The data of measuring a NV color center are shown in Figure 7a and Figure 7b. Therefore, the fluorescence intensity and fluorescence lifetime observed in the experiment will be affected by the size and direction of the magnetic field. The NV lifetime decreases with the increase of the magnetic field, and the photoluminescence intensity decreases with the increase of the magnetic field.

The embodiments of the present invention realize all-optical magnetic field sensing and methods by studying and utilizing nano fluorescent structures - NV color centers in diamond, thereby avoiding the introduction of external microwave radiation to realize nano magnetic field sensing; using all-optical magnetic field measurement technology, the complexity of some device structures is eliminated, the structure is simple and reliable, the application is convenient, the measurement response speed is fast, and the magnetic field intensity measurement range is wide.

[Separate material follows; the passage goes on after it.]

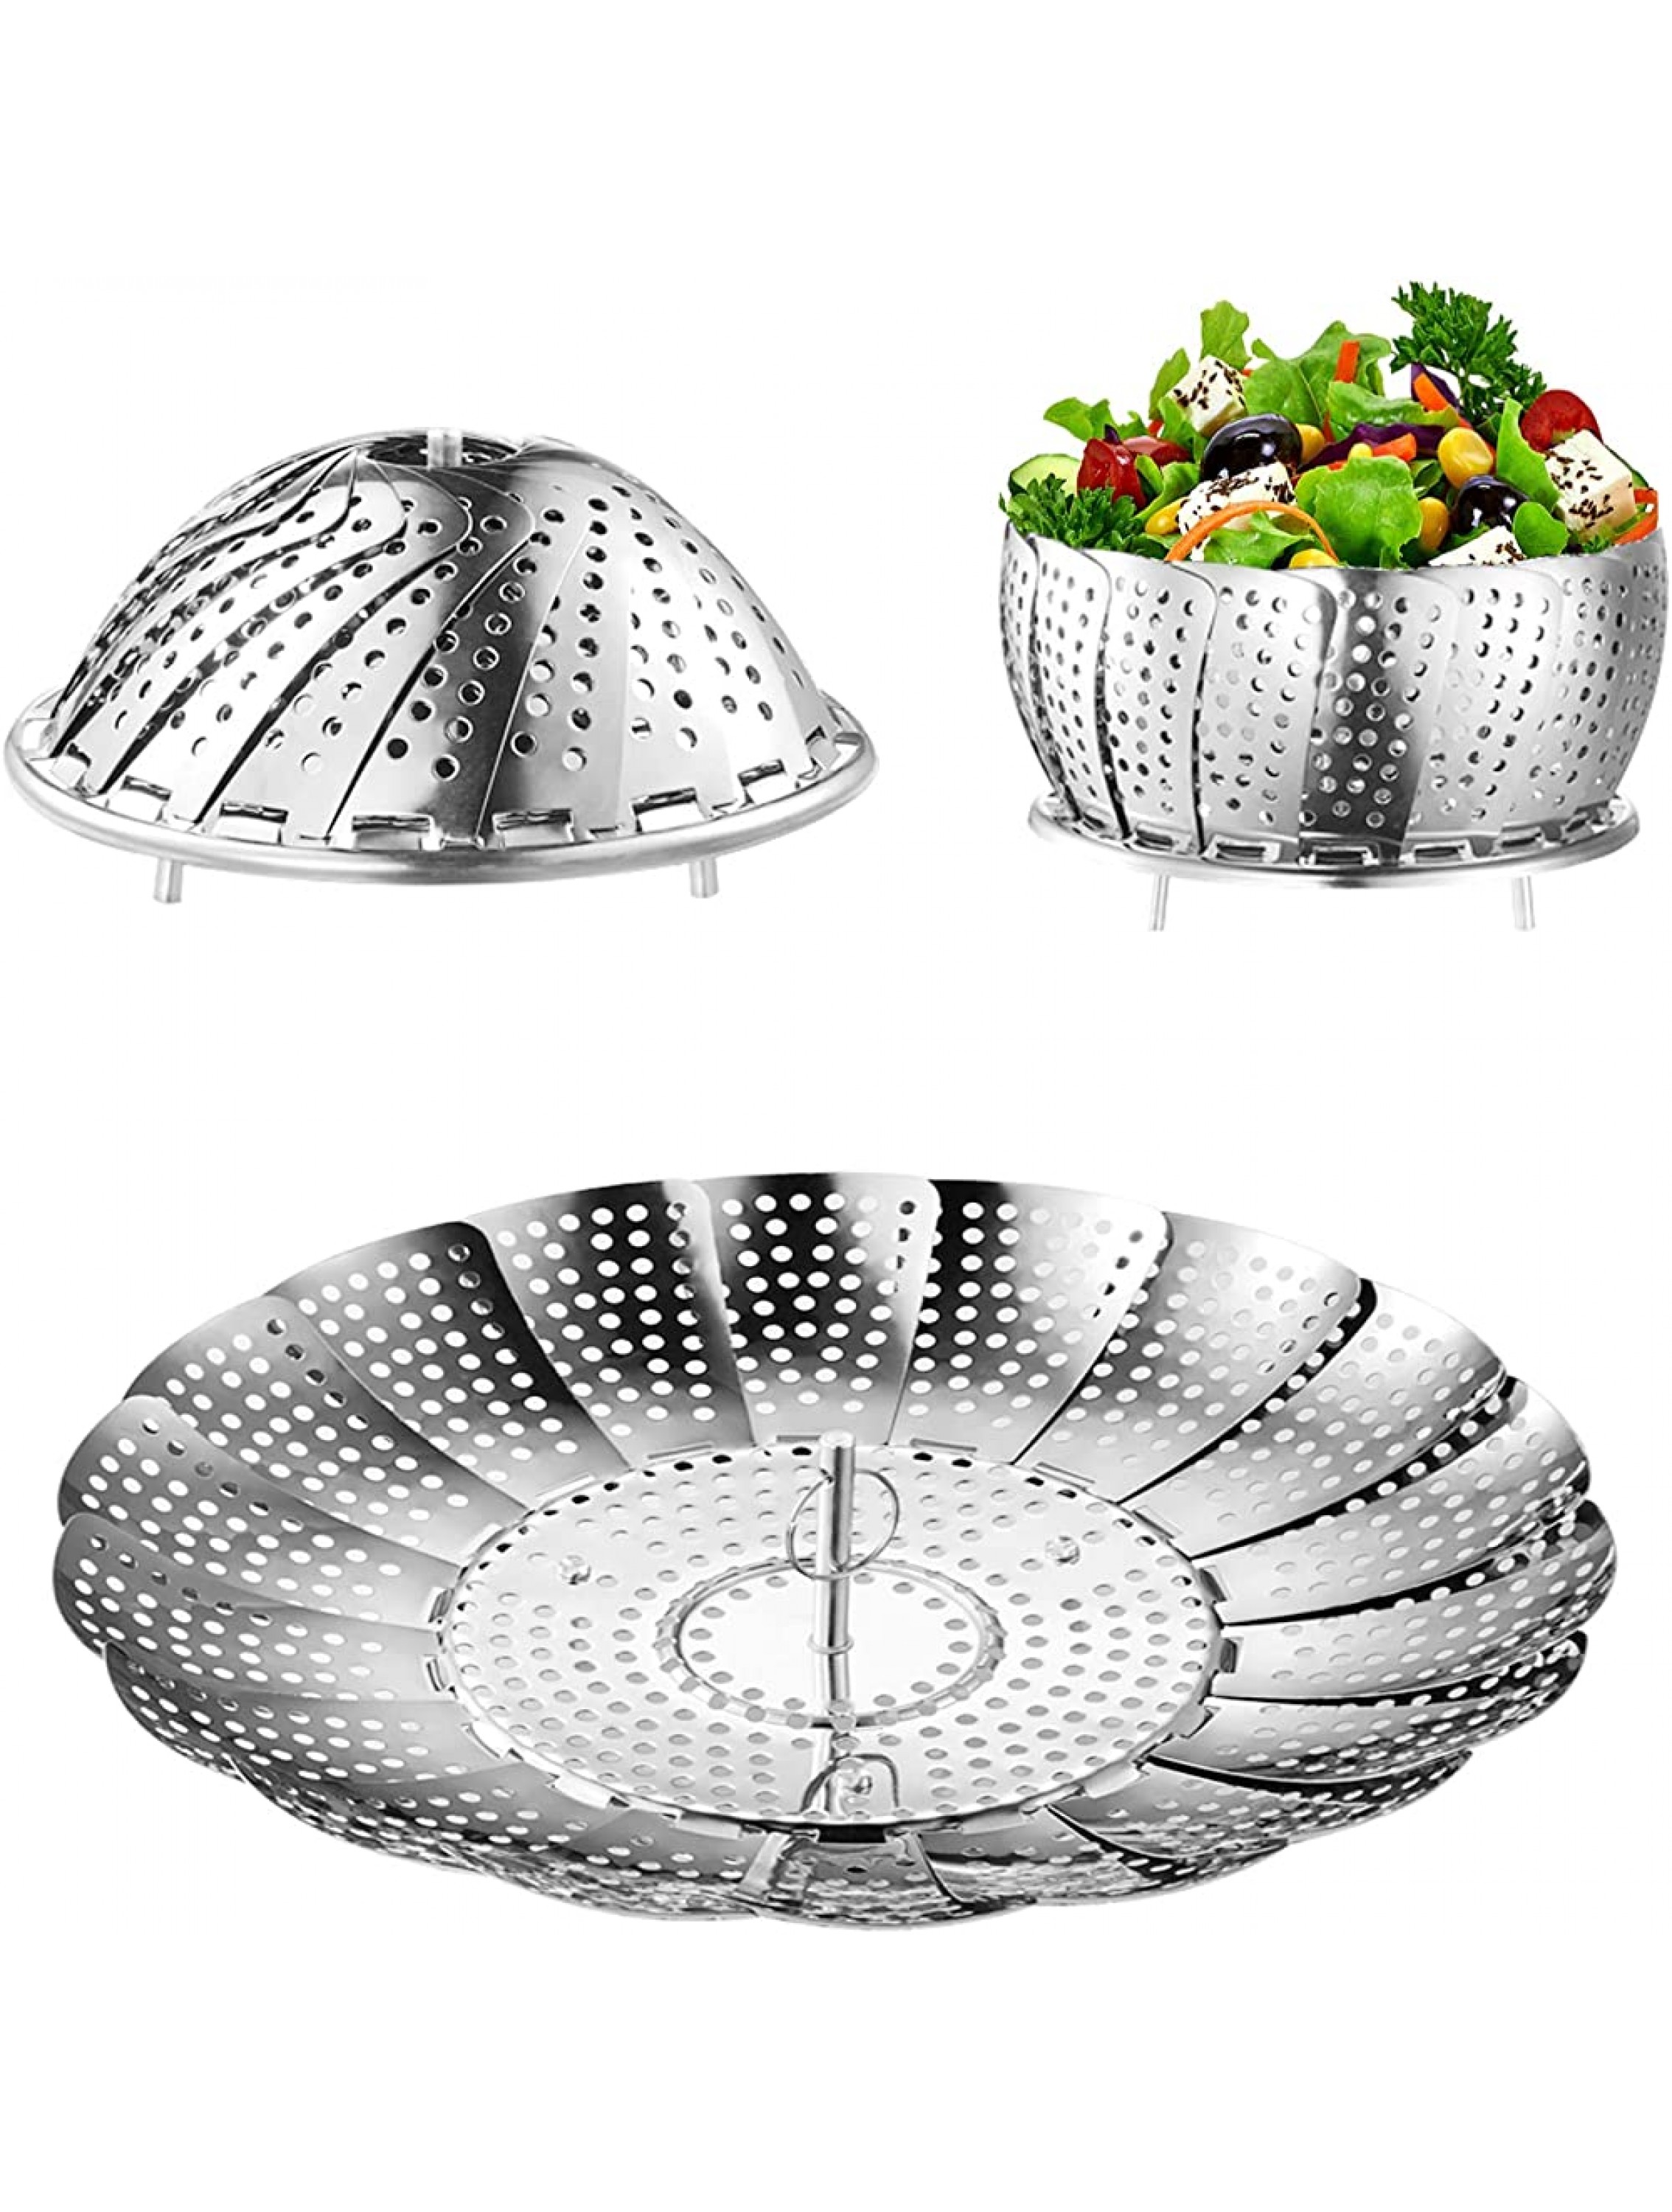 Steamer Basket Kmeivol Vegetable Steamer Stainless Steel Steamer Food Value Steamer Baskets for Cooking Healthy Steamer Basket Expandable to Fit Various Size Pot 6 to 8.7 - BRRF242Z0

The specific embodiments described above further illustrate the objectives, technical solutions and beneficial effects of the present invention in detail. It should be understood that the above description is only a specific embodiment of the present invention and is not intended to limit the present invention. Any modifications, equivalent substitutions, improvements, etc. made within the spirit and principles of the present invention should be included in the protection scope of the present invention.

Claims (3)

1. A diamond nano all-optical magnetic field sensor, comprising:

A diamond nanostructure containing nitrogen-vacancy color centers configured to change fluorescence lifetime and photoluminescence intensity under different magnetic fields;

A photoluminescence detection device configured to detect the photoluminescence intensity and/or a fluorescence lifetime detection device configured to detect the fluorescence lifetime;

The photoluminescence detection device comprises an avalanche diode, a single photon counter and a high-speed digital acquisition card; the fluorescence lifetime detection device comprises an avalanche diode, a single photon counter, a pulse signal generator and a high-speed digital acquisition card;

the fluorescence is collected by a single photon counter of the photoluminescence detection device and/or the fluorescence lifetime detection device, and fluorescence intensity information and fluorescence lifetime information are obtained through signal processing of the single photon counter;

Wherein, when the magnetic field in the direction perpendicular to the symmetry axis of the nitrogen-vacancy color center is strong, the eigenstate of the system is not spin any more But rather their superimposed states; extracting information of an external magnetic field from an optical response of a nitrogen-vacancy color center, the optical response including a decrease in fluorescence lifetime of an individual nitrogen-vacancy color center with an increase in the external magnetic field and a decrease in photoluminescence intensity of the individual nitrogen-vacancy color center with an increase in the external magnetic field;

Depositing 300nm thick SiNx on the diamond nano-structure containing the nitrogen-vacancy color center, and then uniformly sizing HSQ to 300nm to prepare a diamond nano-probe containing single NV, wherein the diamond probe containing single NV can be used as the magnetic field sensor;

The diamond nanostructure material containing the nitrogen-vacancy color center is a nanoparticle or a nanowire, or is a derivative or micro-nano processing structure containing the diamond NV color center basic structure; the diamond nanostructure containing the nitrogen-vacancy color center is arranged on a diamond substrate, and the diamond substrate is made of single crystal or polycrystalline materials.

2. The diamond nano all-optical magnetic field sensor according to claim 1, wherein the diamond nanostructure containing nitrogen-vacancy color centers contains a single nitrogen-vacancy color center or a plurality of nitrogen-vacancy color centers arranged in an array.

3. An atomic force microscope, comprising:

The diamond nano all-optical magnetic field sensor of any one of claims 1-2.